Heero giggled, studing his work. A statue of Wing, made from flour and water, stood proudly on the table. He frowned, noticing that something was missing. His eyes lit up. Explosion type stuff. With a mad grin, he ran to Duo's room. Of course, the door was locked. As if that would stop him. He pulled his gun out and shot the door knob. It fell and landed dejectedly on the carpet. He glared at the carpet, daring it to try and grab him. Satisfied that the carpet was cowed by his glare, he stepped into Duo's room. After rummaging for a good two minutes, he found supplies for bombs. He left the room, his prizes in his arms.
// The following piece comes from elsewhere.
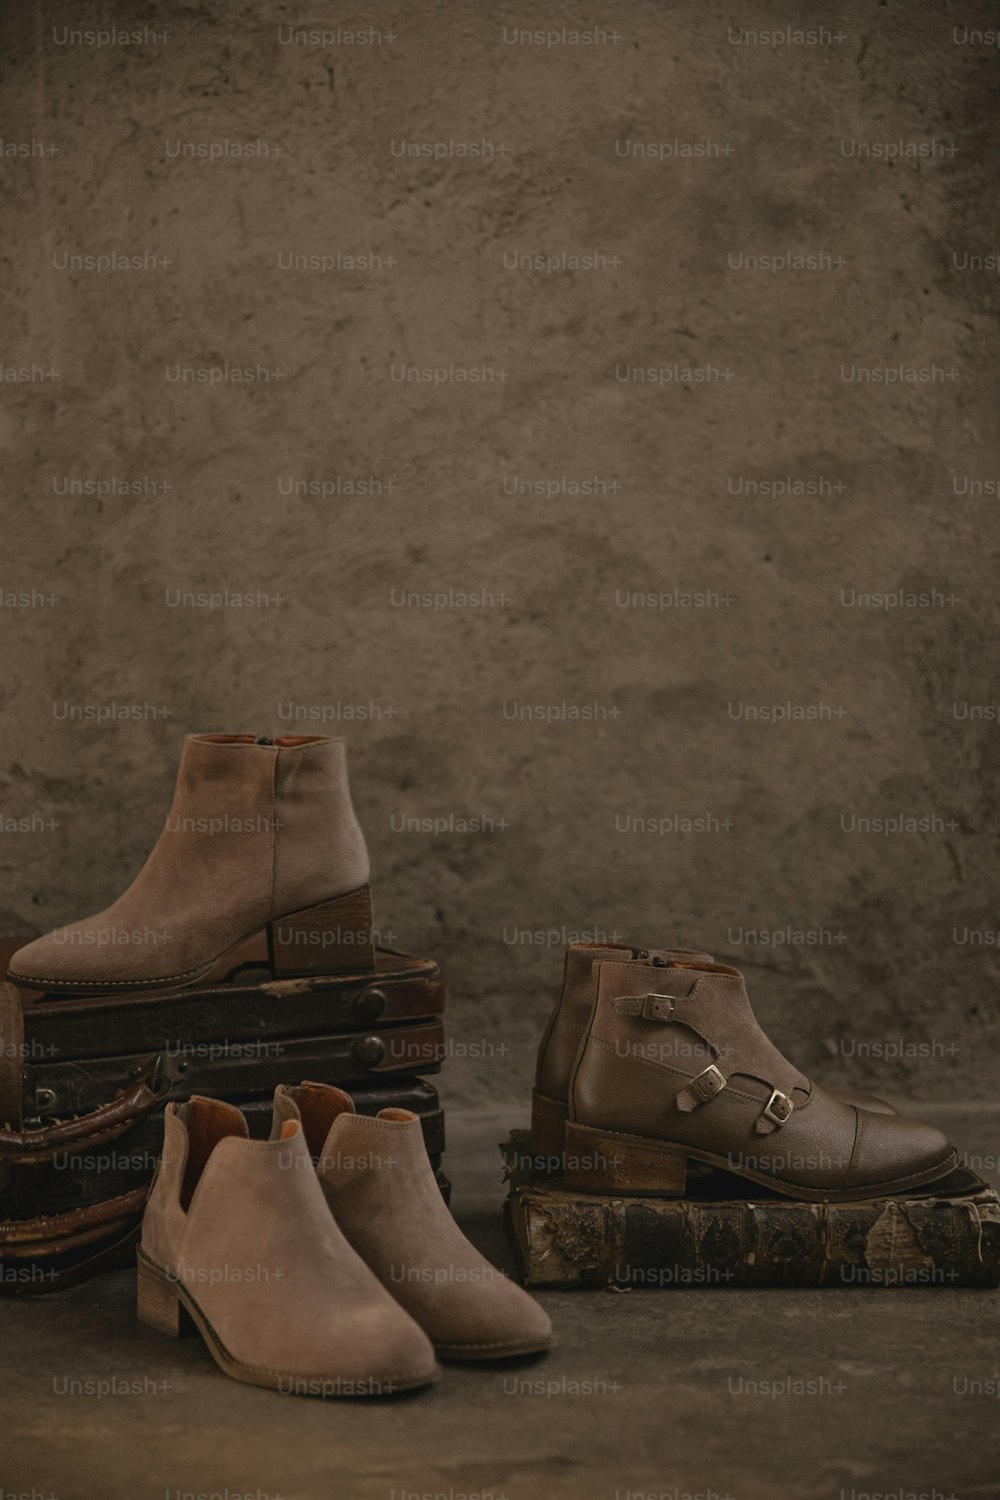 Un grupo de zapatos sentados encima de una pila de equipaje
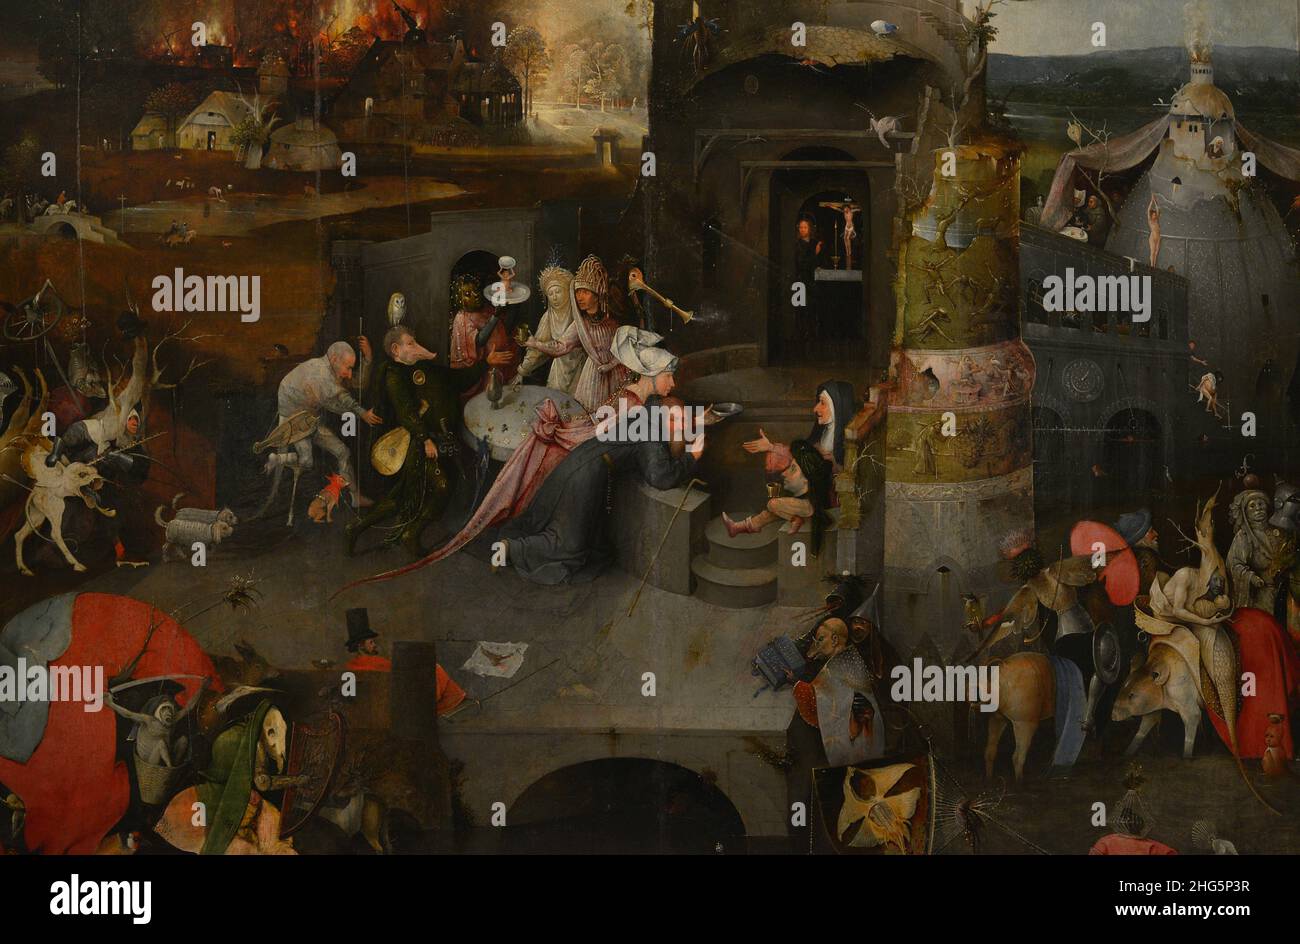 Hieronymus Bosch (1450-1516). Niederländischer Maler. Triptychon der Versuchungen des heiligen Antonius, 1498. Detail der zentralen Tafel, die die Versuchung des heiligen Athony darstellt. Nationalmuseum für Alte Kunst Lissabon, Portugal. Stockfoto

When he got back to the kitchen, he dumped the bomb supplies on a counter. With a cheerful whistle, he went to work. Within minutes, a few bombs were built. He looked at his beautiful creation. To have a really good explosion, one needed enemies. And his enemies were OZ. And being that none were around, he'd have to make some. He checked the flour bin. Empty. He frowned. His two foot Wing didn't take up that much flour! Then he glanced around the kitchen. Which was covered in white. Oh..right. He wanted snow, but it was too hot for that. He hunted around, finding some boxes of potato flakes. Made with real imatation potatoes. He began preparing the mold for the OZ. When he was done, all boxes were empty. As least four OZ mobile dolls now surrounded his creation. With a crazy-like chuckle, he carefully pushed a small detonator into each of the potato dolls. With a cheerful whistle, he backed away from the soon-to-be-carnage scene. He pushed the detonator. And was immediatlly covered with potato doll and flour Wing debris. His poor Wing! Completely destroyed by those Dolls! With a sad sigh, he trudged back to his room and took a shower, then went to bed.

When Duo and Quatre entered the kitchen to cook supper, they stopped dead in their tracks. Judging from the slight scorch marks, something had exploded. Which didn't explain the white goop which covered the walls, ceiling and floor. "M-my kitchen," Quatre moaned. He looked at Duo. Duo blinked. "I don't wanna know.." Quatre nodded and called out for pizza.